Finally got to test your start-up script for domino. Very nice indeed  :Smile:  One question ? What about a password for the server if I need to enter one. Can you maybe change you script or add something for a password ????

Also got this prob  :Sad: 

root     10230 99.8  1.2 109532 6256 pts/2   R    18:02   3:13 /opt/lotus/notes/latest/linux/amgr -e 1

Check the CPU utilization. It looks like the agent manager that have problems. Have you seen this ???

By the way. Notes 5.0.11

Thanks

Nar

----------

## Nar

Hi Steveb

Did you have any problems with the setup of Domino6? It java crash every time we want to finish the setup of the server. Any ideas ????

Thank you

Nar

----------

## steveb

 *Nar wrote:*   

> Hi Steveb
> 
> Did you have any problems with the setup of Domino6? It java crash every time we want to finish the setup of the server. Any ideas ????
> 
> Thank you
> ...

 

this is a known problem  :Sad: 

search the forum for a small how-to for installing domino 6 on linux.

cheers

SteveB

----------

## jayjay

Hy,

im using Lotus Domino 5.0.11 and using your startupscript.

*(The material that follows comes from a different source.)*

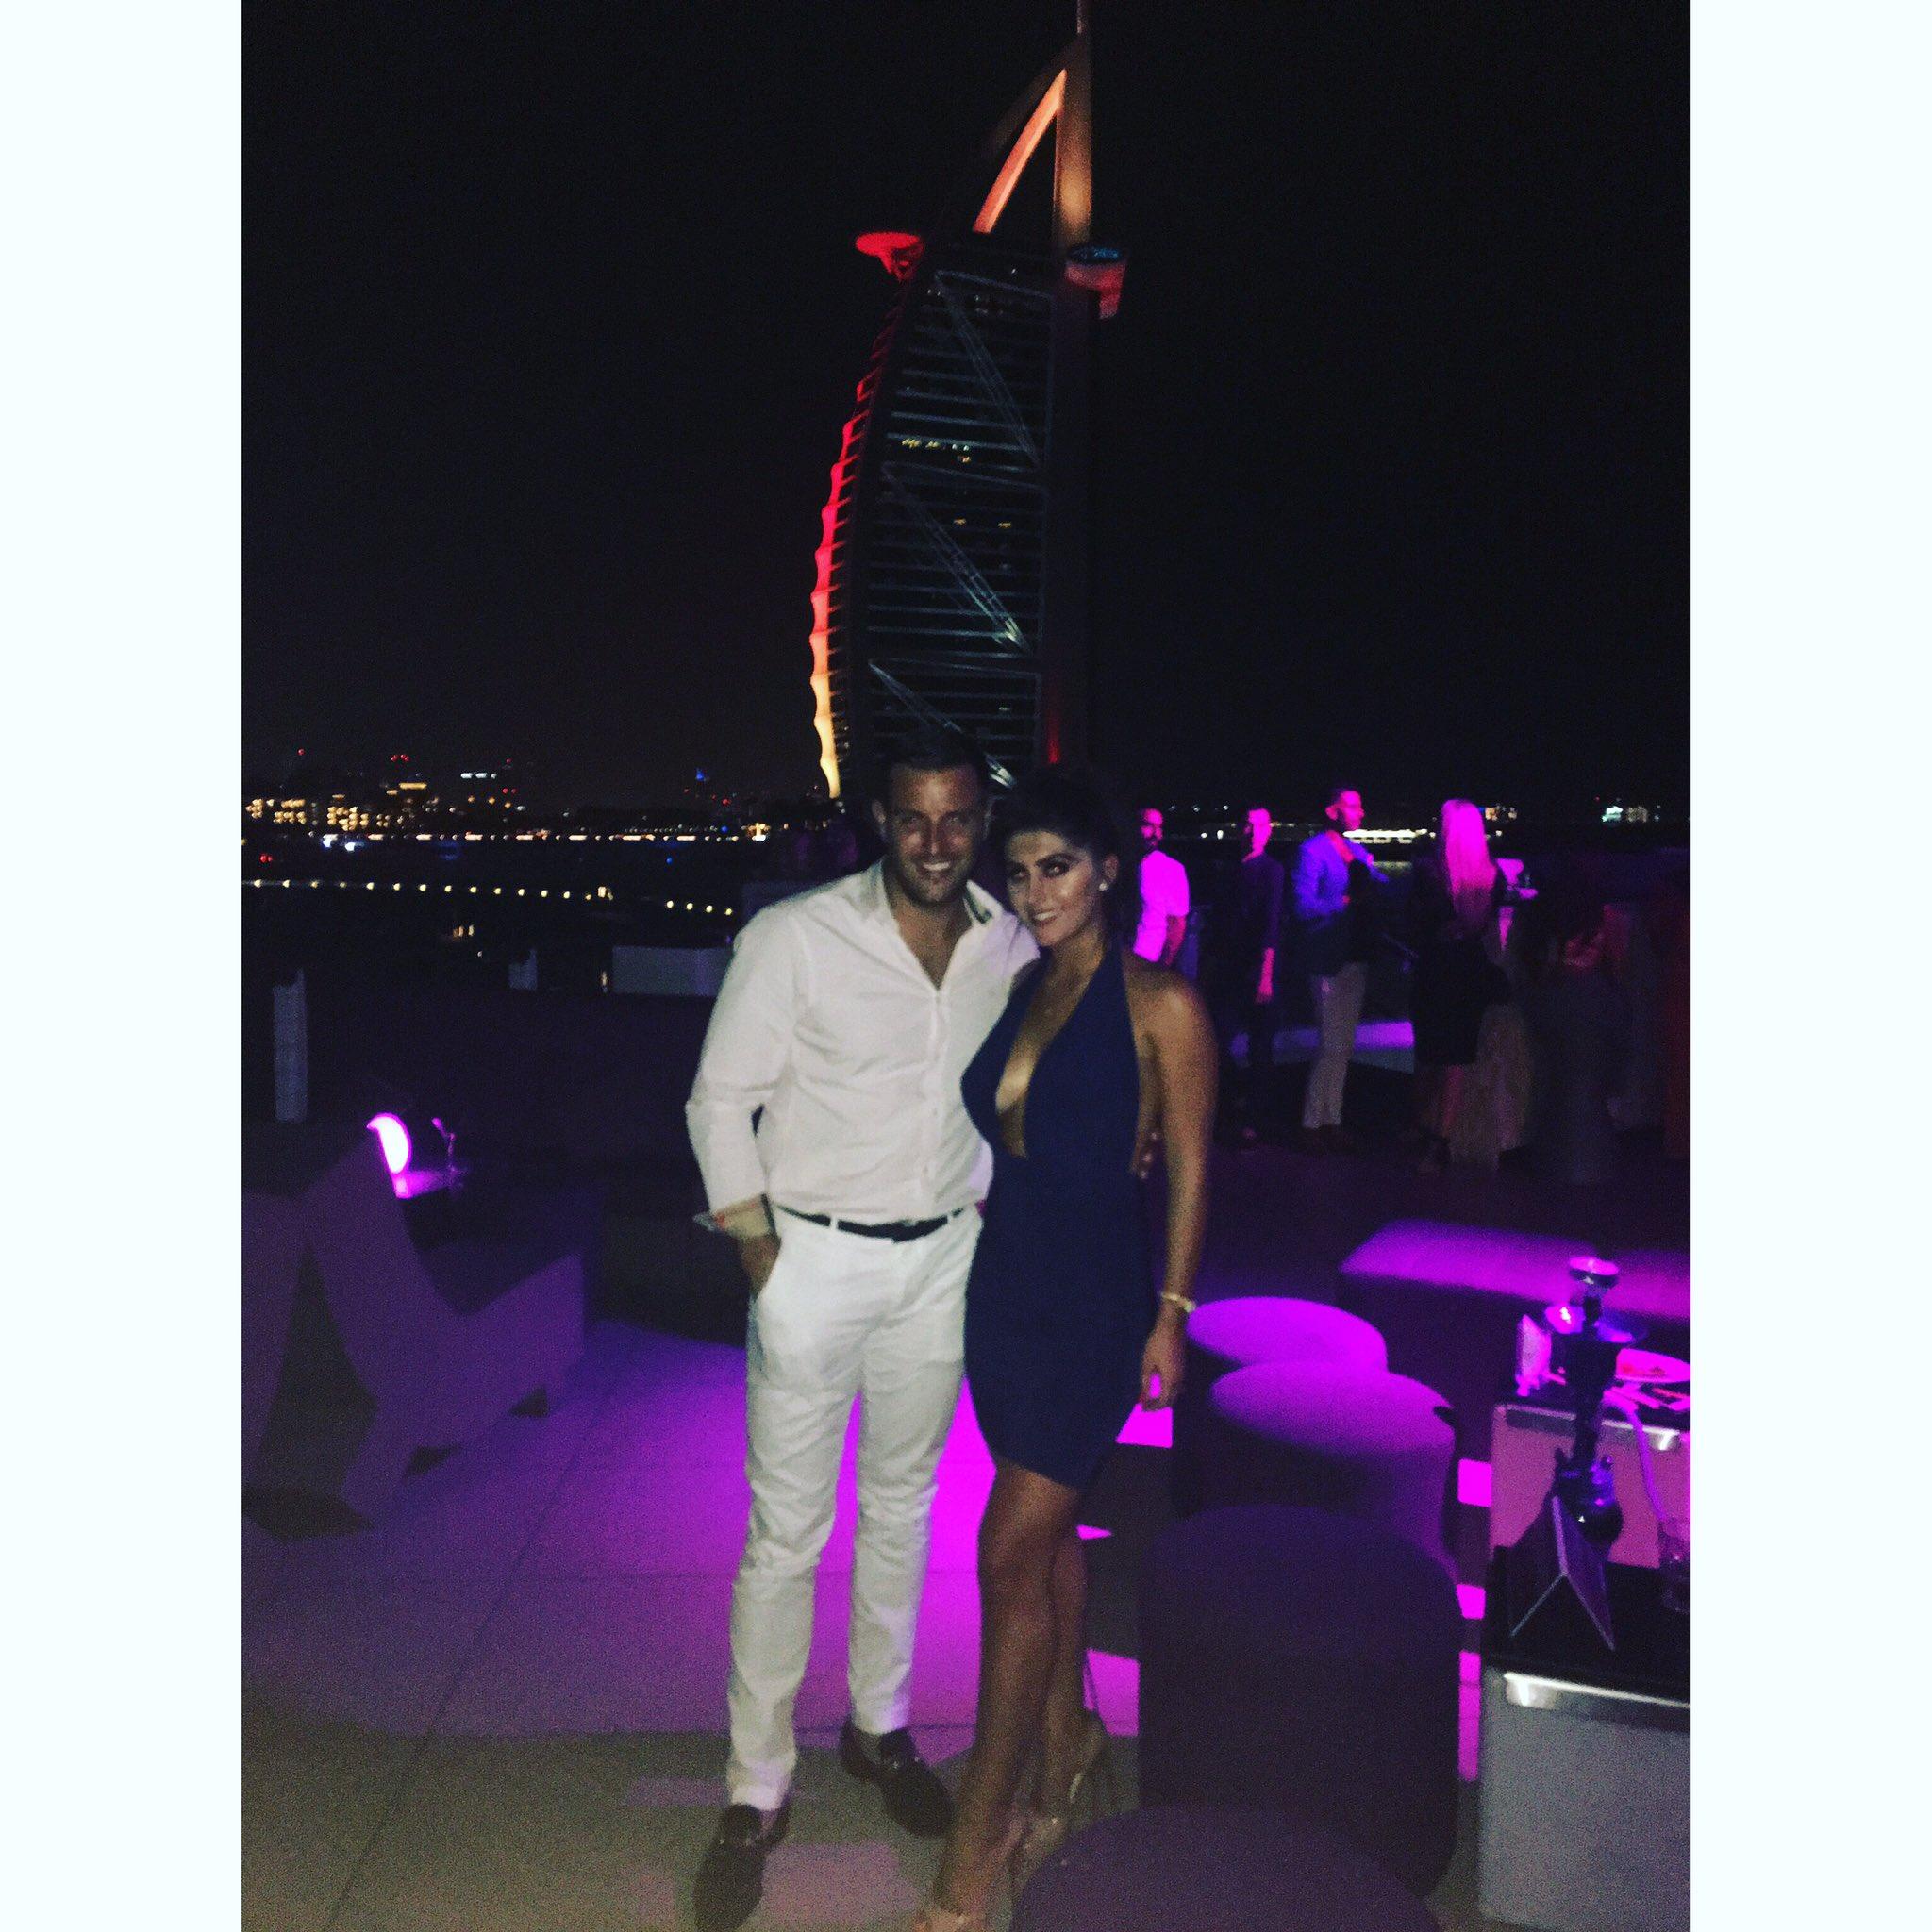 Last night... beautiful back drop... #360Bar #Dubai @SadieStuart https://t.co/qAYKwxd54Z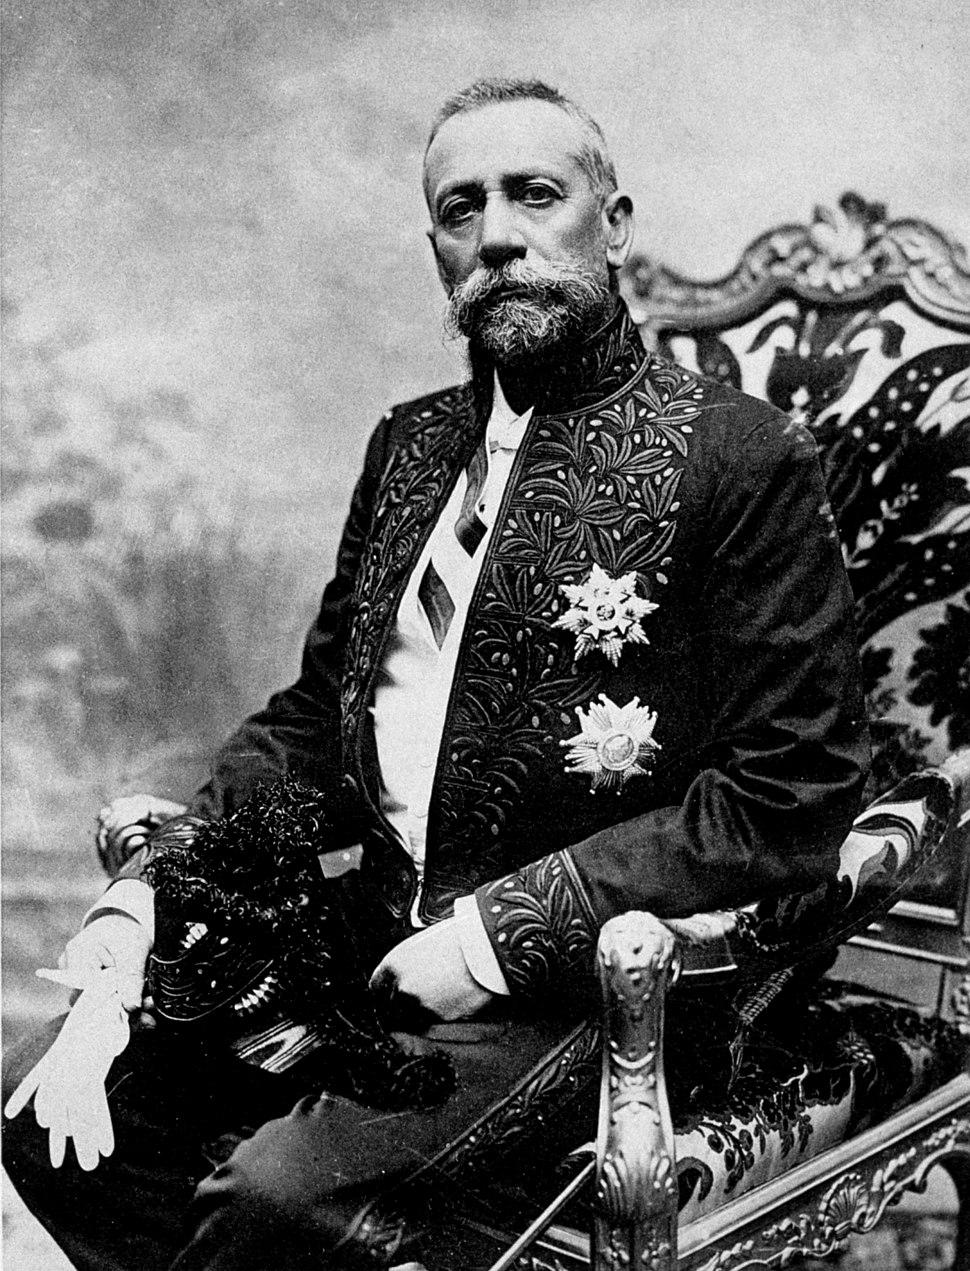 Prince Albert I of Monaco - circa 1910

Something very dangerous is, to select Notes starting in forground, because the runscript never finishes, it runs the domino server and so the rest of the other runscript will never start.

I don't understand, why you are executing the domino startupscript. This should not be necessary, because the server script starts the startupscript with the right parameters.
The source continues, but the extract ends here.